Voice of America - May 27, 2009
Howard Lesser
Washington, DC
In sub-Saharan Africa, the AIDS death rate is seriously compounded by a high percentage of HIV-positive patients who also contract tuberculosis. Wednesday in Washington at the opening of the 36th International Conference on Global Health, medical experts, researchers, and advocates will discuss ways to coordinate and strengthen the fight against TB in combination with the campaign against HIV/AIDS.
Zambian-born Winstone Zulu became HIV-positive in 1990 and seven years later contracted tuberculosis. Four of his brothers died from TB, but with careful diagnosis and medication, Zulu survived TB and keeps his HIV in check with a regimen of first-line anti-retroviral drugs (ARV's). A participant in the Washington conference, he explains that the links between HIV/AIDS and tuberculosis are alarmingly high and require greater international attention.
"It's very, very important, especially in Africa, where the leading killer of people with HIV is tuberculosis. And basically what that means is that if you see all the statistics that talk about the number of people that have died in Africa from AIDS, and then you factor in TB and say, look, if we would have treated TB, then that would have changed the picture completely. And this is why it doesn't make any sense to me for anybody in Africa to do AIDS work without putting in TB," he says.
A growing body of evidence from sub-Saharan Africa points out that coming down with TB severely weakens immune systems and puts the lives of people living with HIV-positive conditions in great jeopardy. Describing himself as a global TB/HIV prescient advocate, Winstone Zulu notes that the unsettling experience of losing four brothers to the same disease is not as uncommon as it may seem in Zambia, where illness frequently claims the lives of multiple siblings within the same family.
Zulu claims it is urgent for healthcare providers to step up treatment and diagnosis of TB.
"I always challenge people and say, look, you can keep people living with HIV alive by treating tuberculosis. And because it's the leading killer of people living with HIV in Africa, that's a big achievement," he observes.
Zulu cites poverty and HIV as the main factors that account for two-thirds of HIV-positive Zambians also suffering from tuberculosis, which readily spreads among people who infect others within a community. Some of the main stumbling blocks in treating TB patients and stopping transmission are inadequate diagnosis and improper medication.
"TB is the only disease that if left untreated, someone can infect 15 others within a year. So treating it also works as a prevention so that others won't catch it,"
Zulu says the development of a reliable vaccine is the most promising way to eradicate the disease. Efforts are progressing to come up with a vaccine, but while the process is painstaking, there are other more challenging avenues that must also be pursued.

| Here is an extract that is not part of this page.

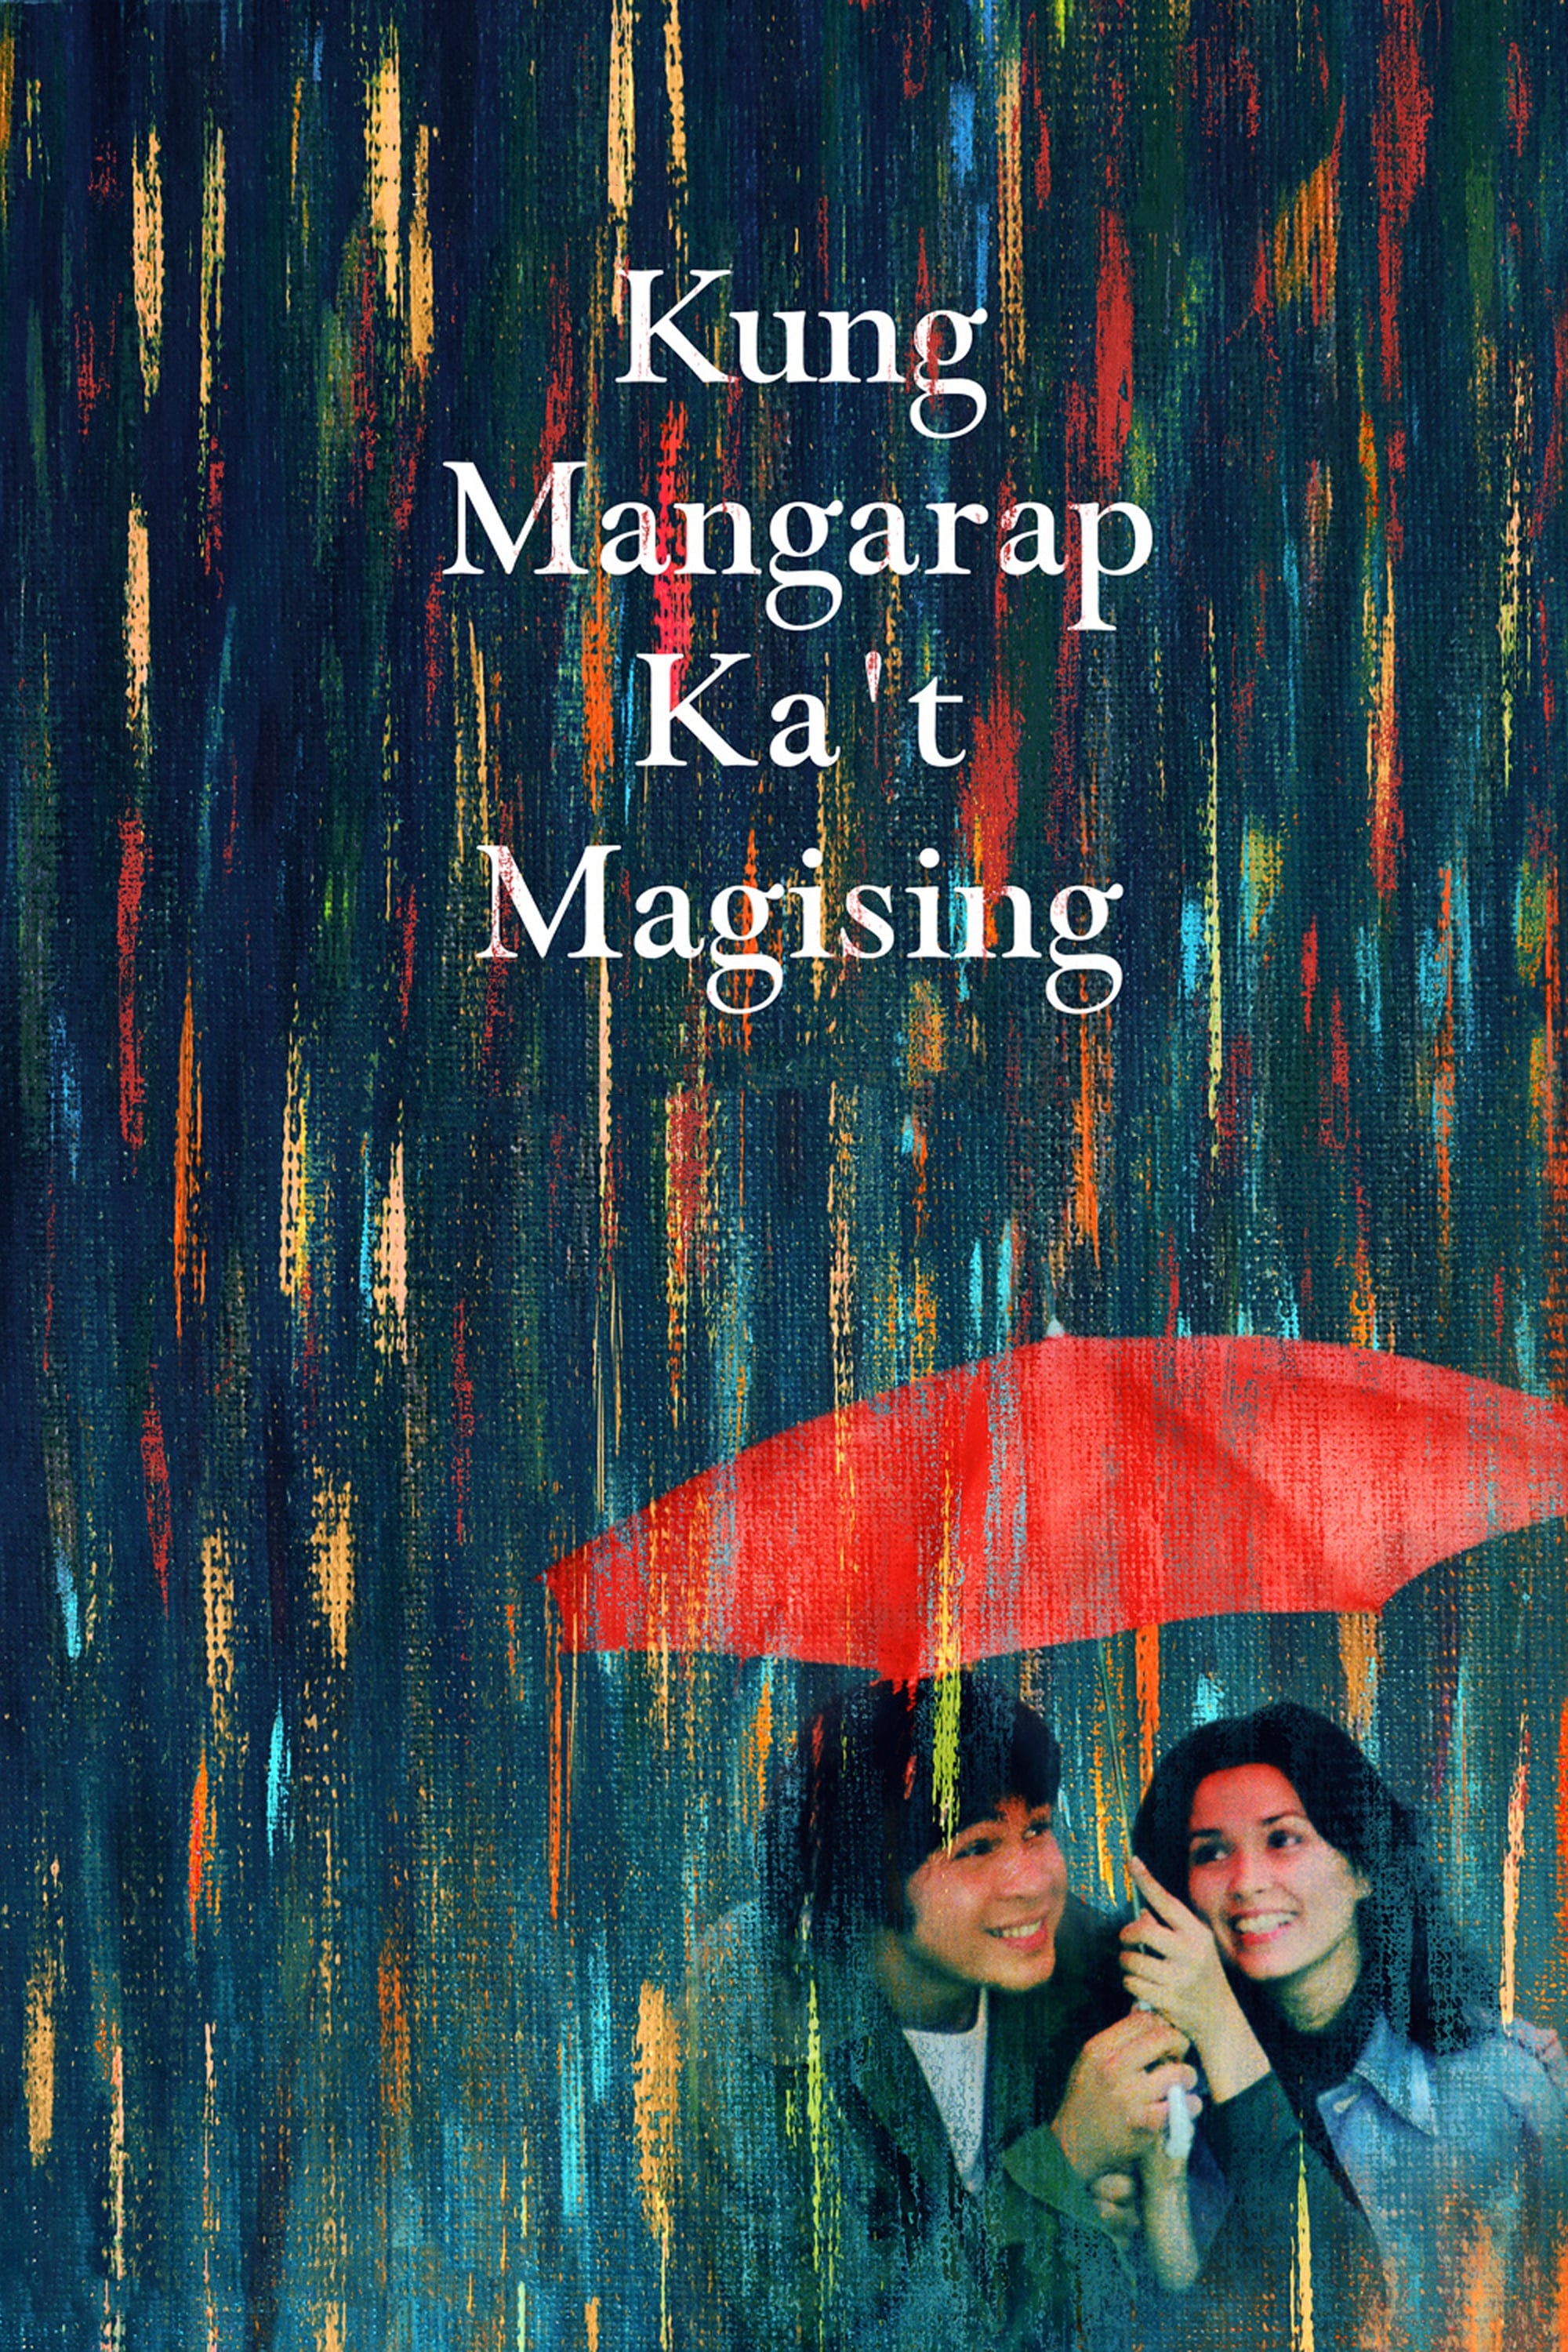 Kung mangarap ka't magising (1977) постер

"At the moment, we talk about tools like new drugs to treat TB, which on its own is a preventive way, and then new diagnostics and an effective vaccine. But another way would be to improve the living conditions of people. But then, when you think of that and you think of the numbers involved, it looks like a tall one (a tall order): to have everybody in Zambia who is poor, and like 70 to 80 percent of the people live under one dollar, to lift them to a standard where everyone has ventilation in their house and clean water and a meal on the table when they need it. Personally, I feel that it would be like a real, real challenge, even more challenging than finding a vaccine, I guess," he points out.
Zulu credits the US PEPFAR initiative and global worldwide projects as the Bill and Melinda Gates Foundation campaigns against TB as preventing another genocide from rampaging across African countries because of the access to medicines and health professionals which have achieved proven records of success.
"I had TB in 1997, got cured of TB and then went on anti-retrovirals, and now for more than ten years, I'm still alive. But if I didn't have access to TB services, then I would be dead, just like my brothers died, and most likely, I would have gone as an AIDS statistic," he admits.
Three days of panels, workshops, and exhibitions begin Wednesday at the International Conference on Global Health and continue through Friday in Washington.